=== Given data ===
══════════════════════════════

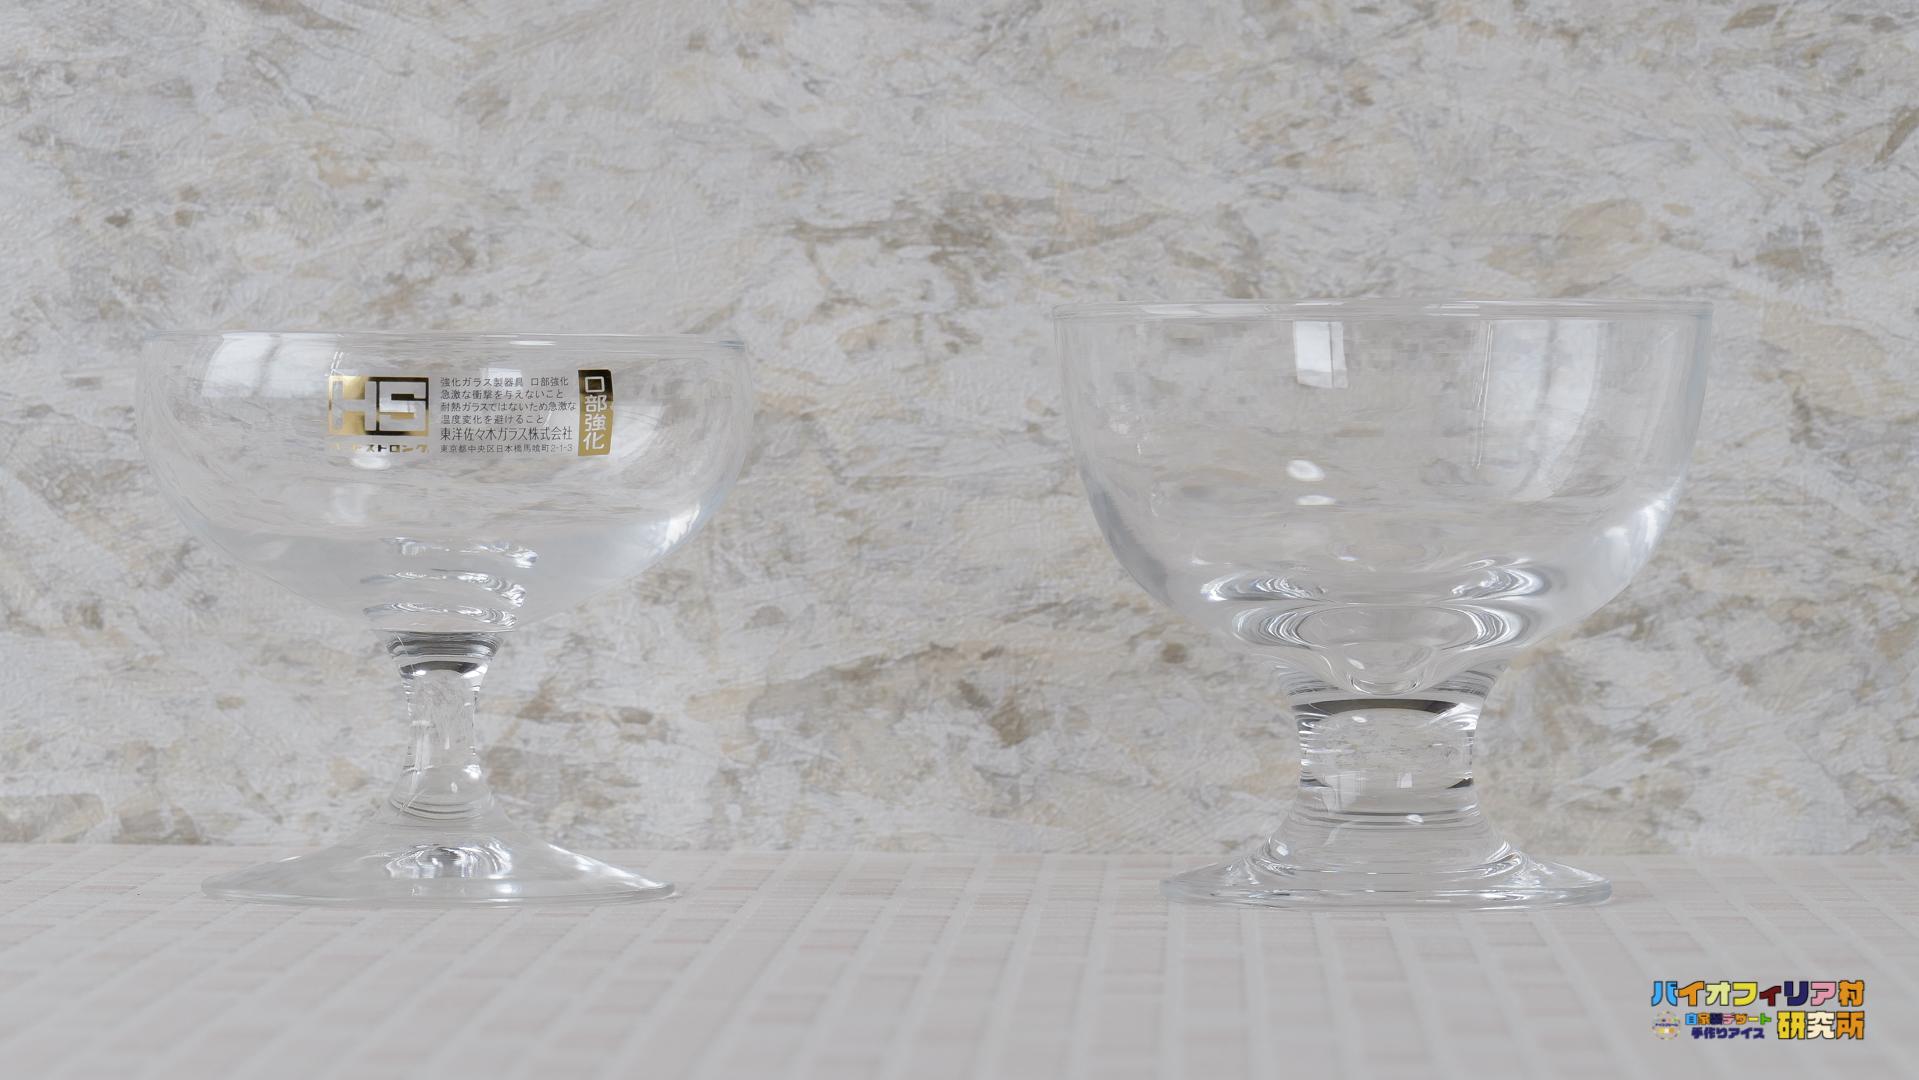 『東洋佐々木ガラス サンデーグラス 270ml プルエースパーラー 35301』と『東洋佐々木ガラス アイスクリームグラス 180ml ラーラ 32831HS』のふたつを比較した写真
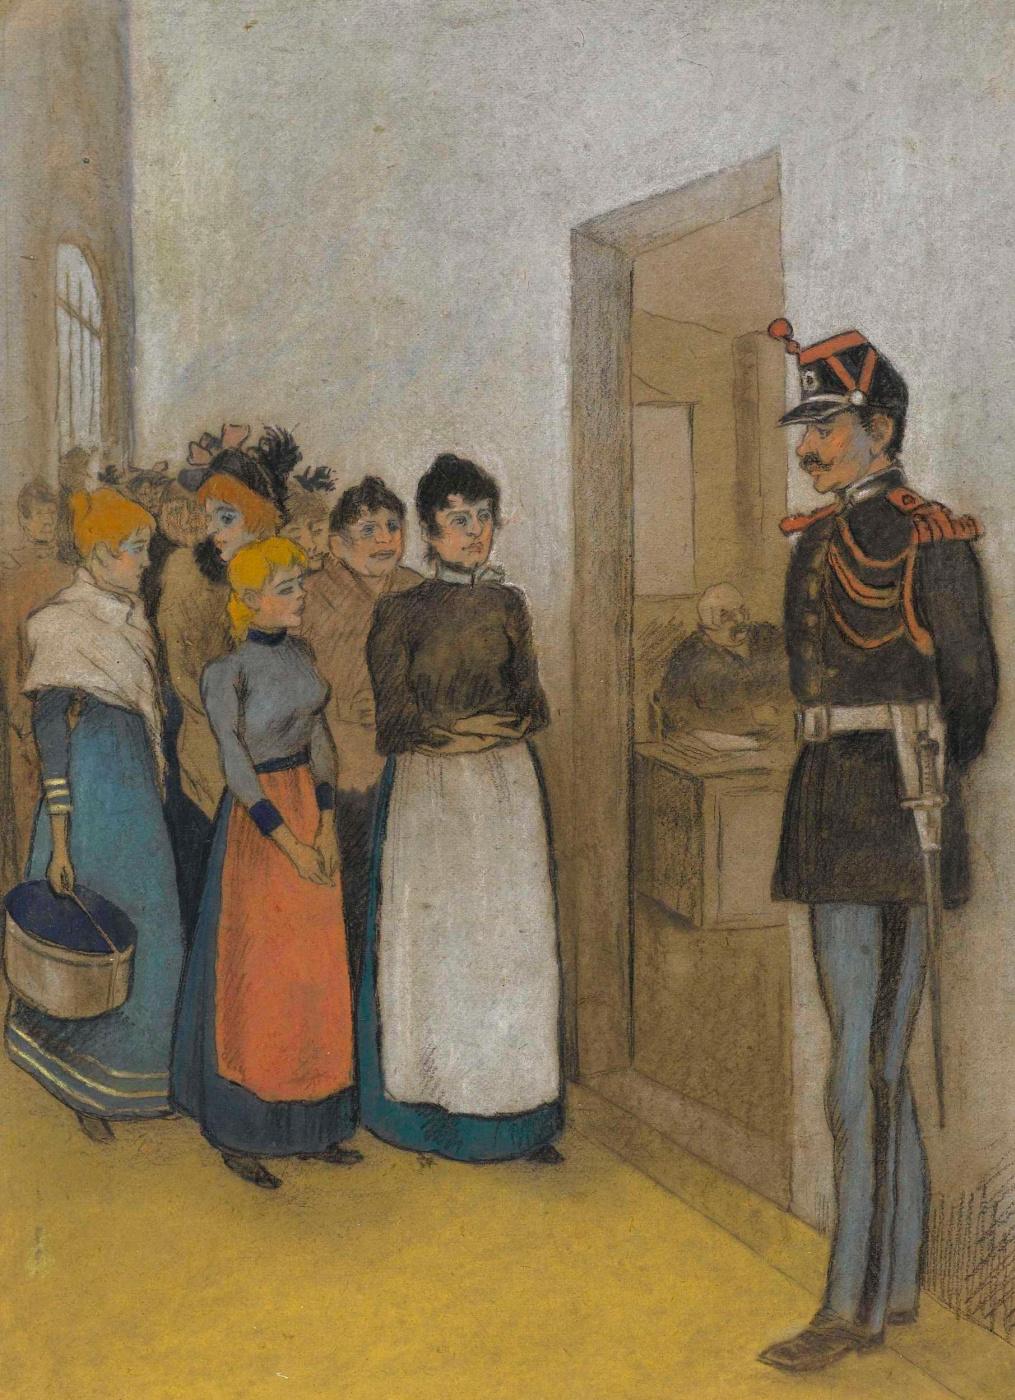 Theophile-Alexander Steinlen. Prison Saint-Lazare: visit
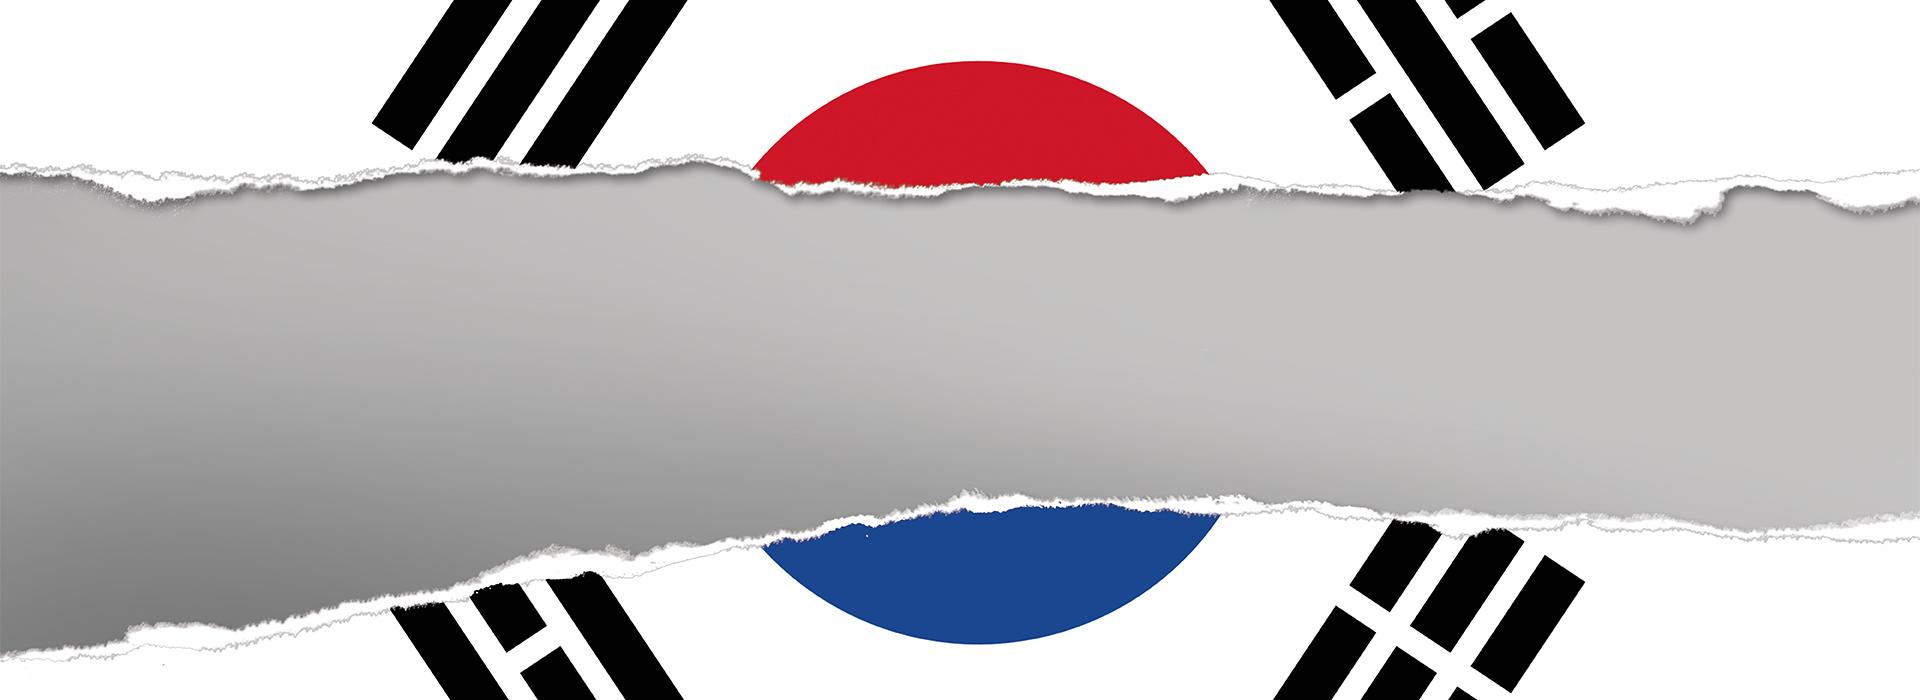 地獄朝鮮啟示錄 韓國認錯經濟學

══════════════════════════════

Reproduce the material above in full, images excluded.

=== Output of the exercise ===
 『東洋佐々木ガラス サンデーグラス 270ml プルエースパーラー 35301』と『東洋佐々木ガラス アイスクリームグラス 180ml ラーラ 32831HS』のふたつを比較した写真
 Theophile-Alexander Steinlen. Prison Saint-Lazare: visit
 地獄朝鮮啟示錄 韓國認錯經濟學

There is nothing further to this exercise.